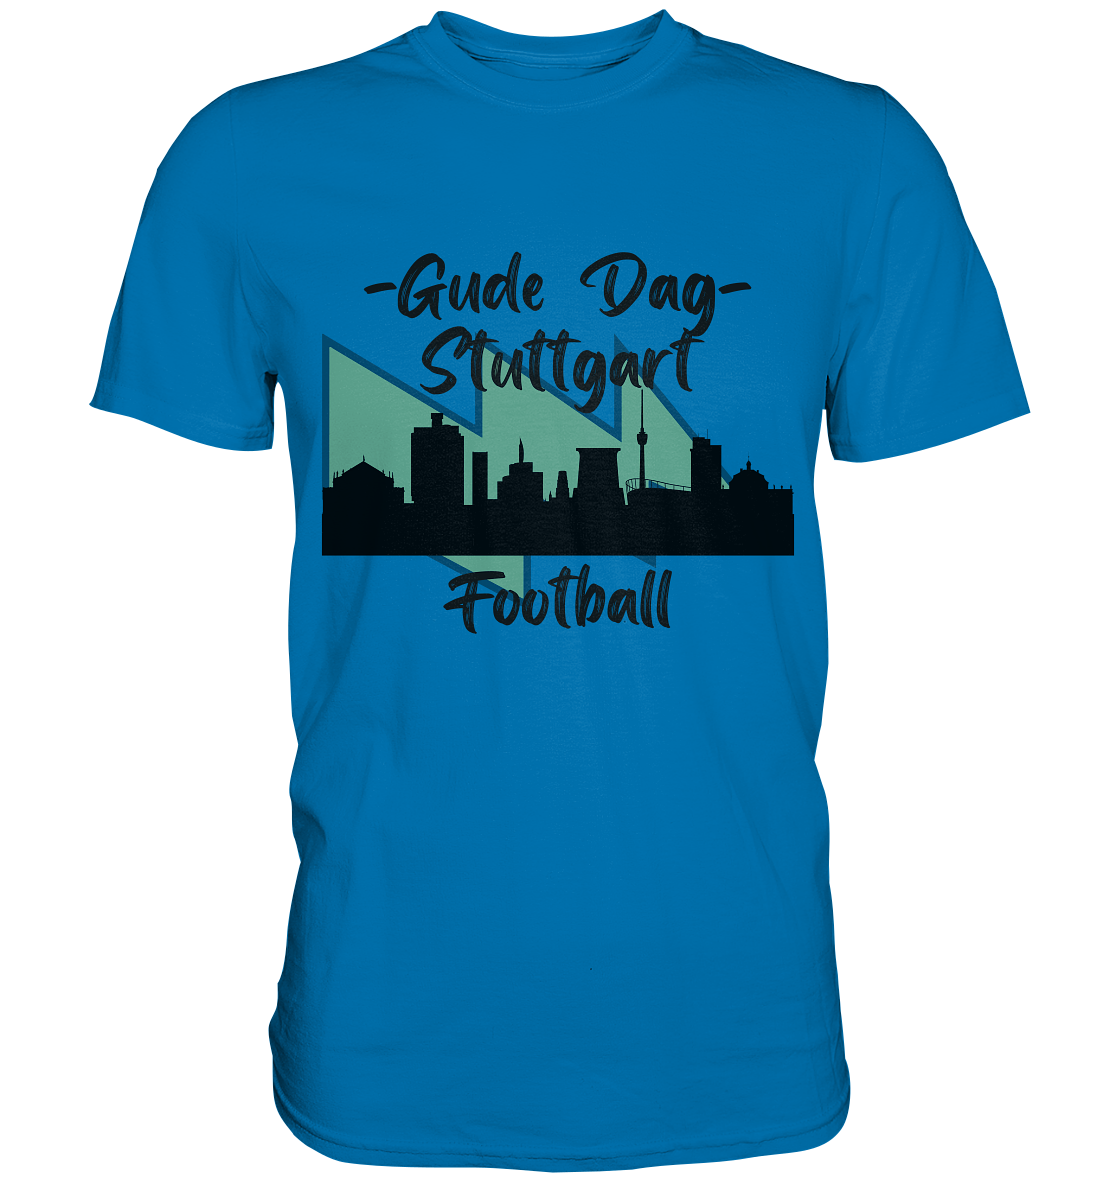 Gude Dag - Stuttgart Football - Premium Shirt - Football Unity Football Unity
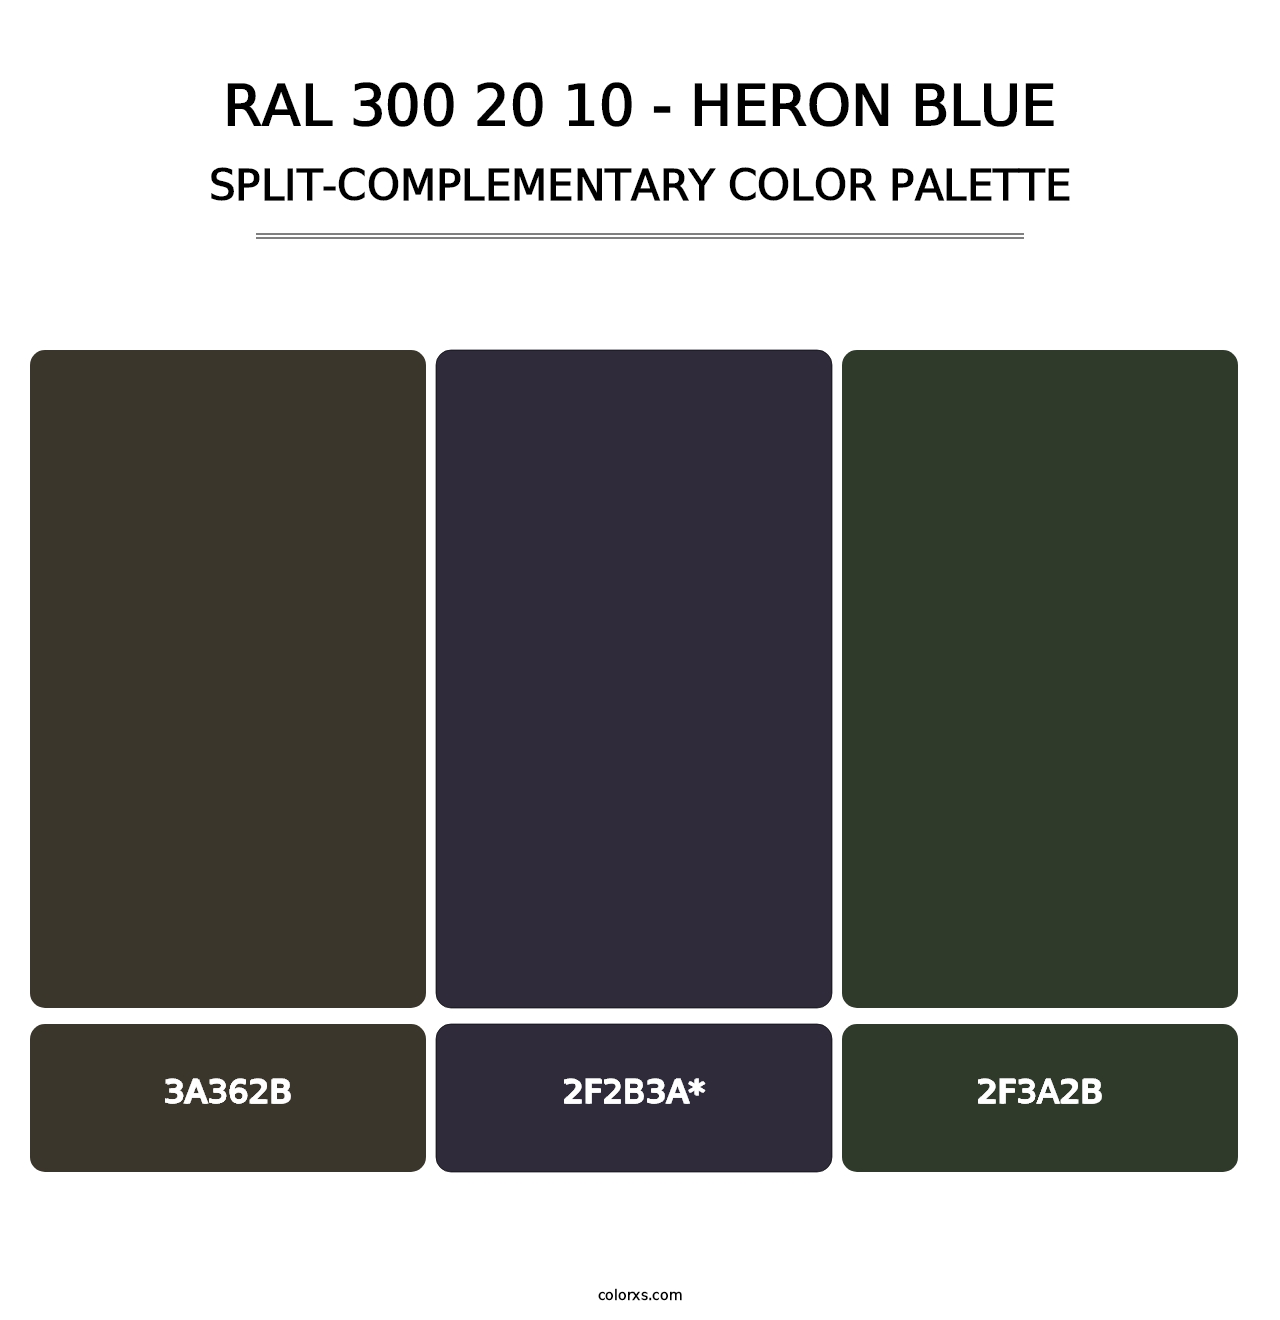 RAL 300 20 10 - Heron Blue - Split-Complementary Color Palette
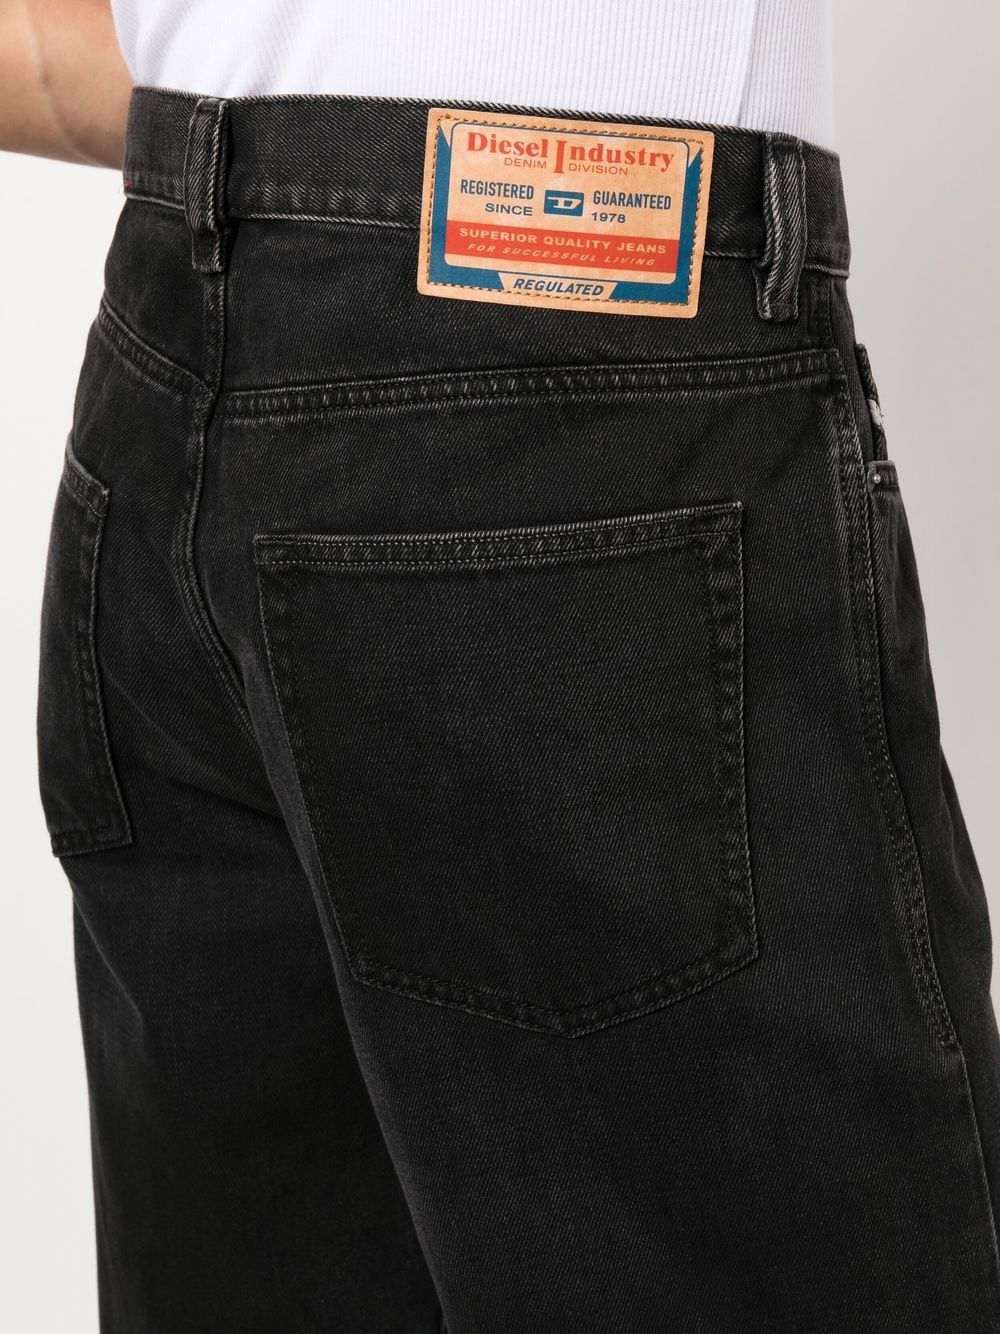 2010 straight-leg jeans - 5

******************************

* [Task details] Please set down each line of the listing above word for word, skipping any pictures.

* [Response to the task]
 Gude Dag - Stuttgart Football - Premium Shirt - Football Unity Football Unity
 RAL 300 20 10 - Heron Blue - Split-Complementary Color Palette
 2010 straight-leg jeans - 5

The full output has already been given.